Она запомнила. И вот уж который десяток лет разделяет со мною еврейскую мою судьбу.
… В январе 1929 года не одни орды карателей «червоного казачества» ворвались и в колонию Старая Гута. С ними был «актив». В ночь налёта и гибели старого Юлиуса Кринке, отрядом грабителей командовал районный партсекретарь Шломка Абрам /настоящие имя, отчество и фамилия — Самуил Шмулевич Абрамзон. — В. Д./. Между прочим, 70 лет спустя Тель—Авивские русскоязычные газеты нет–нет называли и мною помянутые имена наших активистов, казнённых в 1945 украинцами в тех же Ново—Гутинских лесах. А тогда дядю, отца и мать Отто убили его «знакомые» ещё по экзекуциям 1919 – 1920 годов безносый красноставский комиссар Берка Штилерман и Самуил Харбаш /настоящее имя, отчество и фамилия — Симха Соломонович Барбаш. — В. Д./.

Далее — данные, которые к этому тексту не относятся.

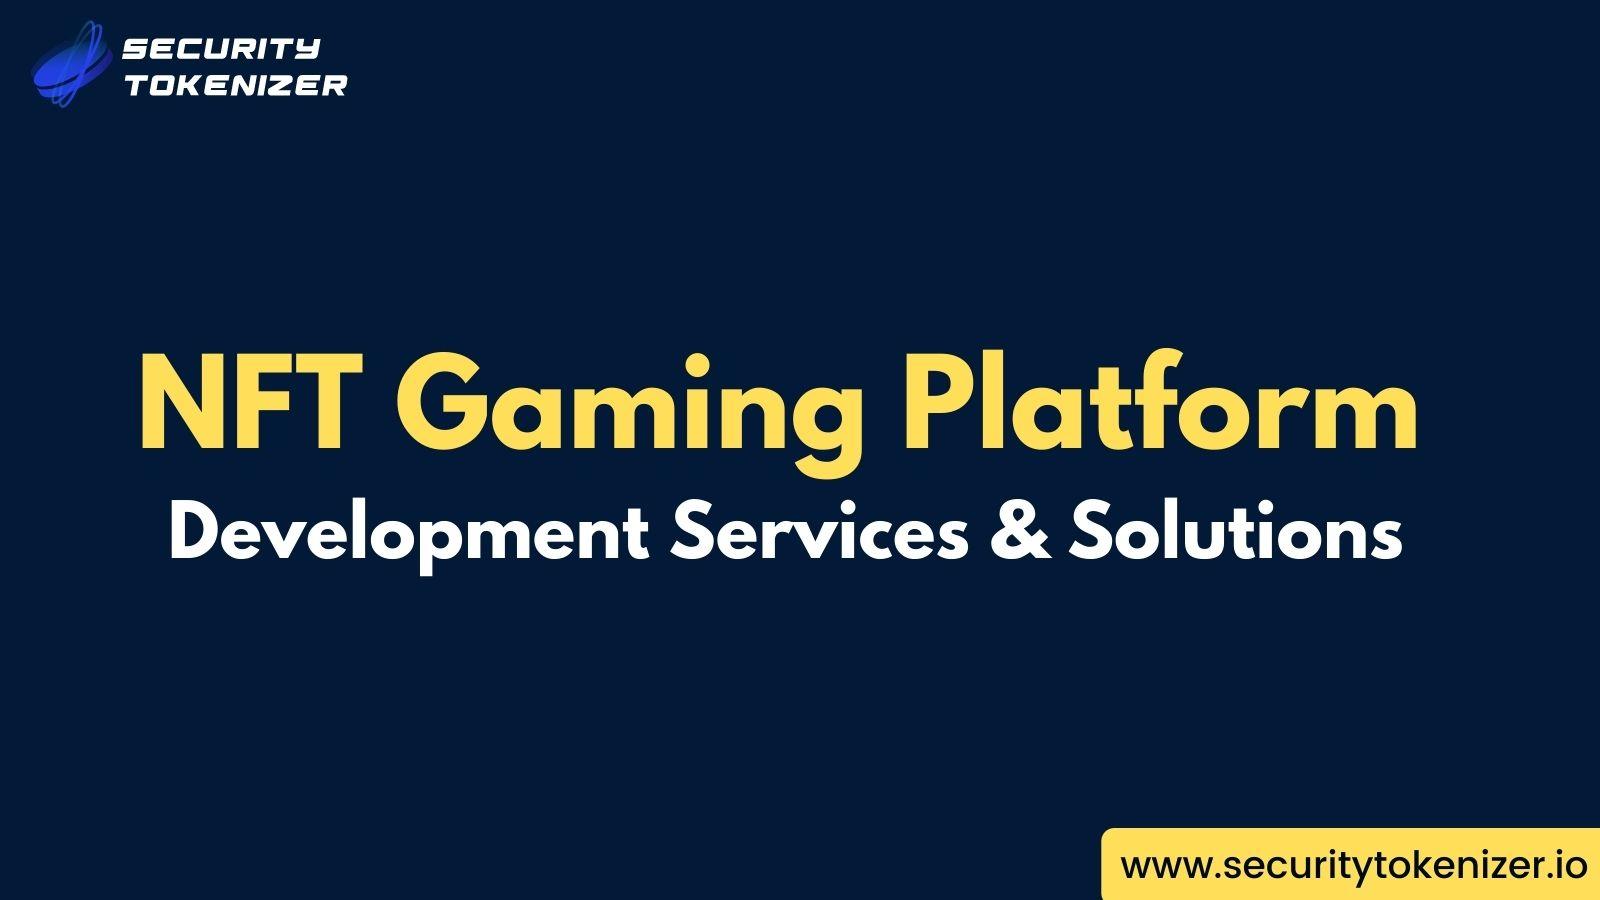 NFT Gaming Platform Development Services & Solutions Company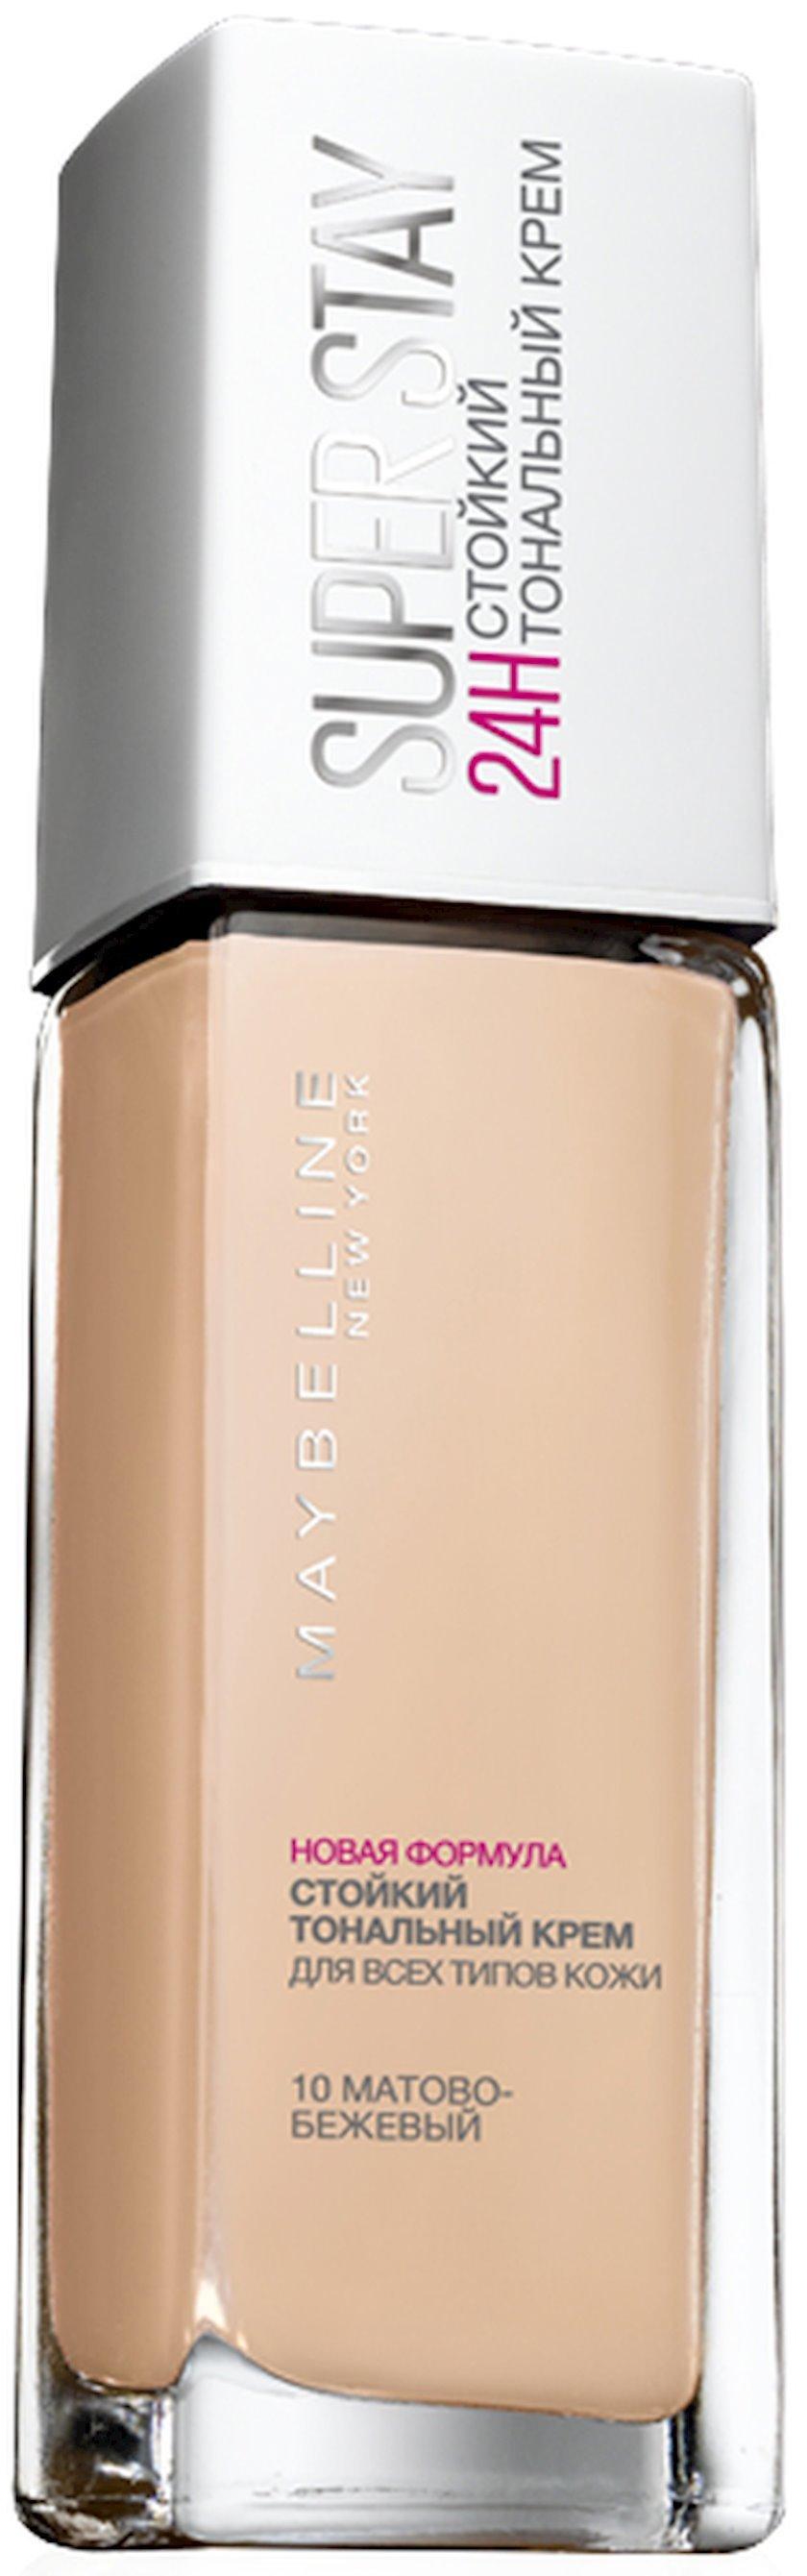 Tonal krem Maybelline New York SuperStay 24H çalar 10 Mat bej 30 ml

Нужно сказать, что пожилой Симха Барбаш провожал угоняемых колонистов до самой железной дороги. И в пути помогал людям чем мог. Зато молодой Штиллерман на Украине ещё, а потом два с половиною года на этапе до Красноярска, и начальник конвоиров Абрамзон, и зам его истязали ссыльных. И даже интеллигентно выглядевший Самуил Шмулевич /в 30–е годы Бериславский секретарь, он через 8 лет будет, наконец, расстрелян/, он был непосредственным виновником каждодневных страданий ссылаемых и гибели их десятками, возможно сотнями по пути в Сибирь; он сам расстреливал их за всё: за «саботаж» и «контрреволюцию», за «неповиновение» и «мятежи», когда люди просили у него разрешения похоронить у пути умерших в вагонах… Расстреливал подло, из–за угла! И сам же похвалялся: «Гадство это стреляю «влёт»! Как гусей!» И ещё: «Мне этот вот р–р–революционный «Маузер» дан для истребления вас, контр–ры! И я буду вас истреблять!»
Дважды за многомесячный путь комендантами эшелона, — временно, по отсутствии в отпусках Абрамзона, — становились «чужие» — неважно, — татары ли, или тоже евреи, но люди. И был порядок: невесть чем, но исправно кормили, после солёной рыбы воду давали. Главное, если смерть в вагонах случалась ночами, позволяли, — по–быстрому, конечно, — хоронить покойников у пути. А этот — нивкакую: «Нету вам, гадам, места в нашей русской земле!». Но места находились. Для таких, как он, тоже.
Я тяжко переживал бесхитростные рассказы «одноэтапников» покойной русской графини, потомка великих российских родов. И тешил себя мыслью, что то всё было на Украине, где евреев полно. И вполне закономерно, что именно подонки из моего племени отирались в комиссарах–убийцах. Только не получалось тешиться, когда узнавал, тоже от не очень болтливых людей, что «не на одной еврейской Украине такое творилось…»
Когда предновогодней зимою 1952 ввязан я был в сомнительнейшую операцию «по спасению от депортации и гибели» новосибирских евреев, случился у меня неожиданный разговор с человеком, на плечах которого был немалый по тому времени груз сокрытия от зверевших властей беглых японцев, немцев, да и наших, советских зэков. Я очень ждал его возвращения из командировки на Афинажное предприятие, куда он, фельдъегерь спецсвязи, отвозил золото. При встрече и после краткого доклада ему о ситуации, в которой оказались беспокойством добрейшего новосибирского раввина Слуцкого, — Аркаша Тычкин, один из самых близких сибирских моих друзей, бросил мне: «А тибе–то пошто в такея дела соватьси? Ты–то чего заметалси? Или у тибе другех забот мало?»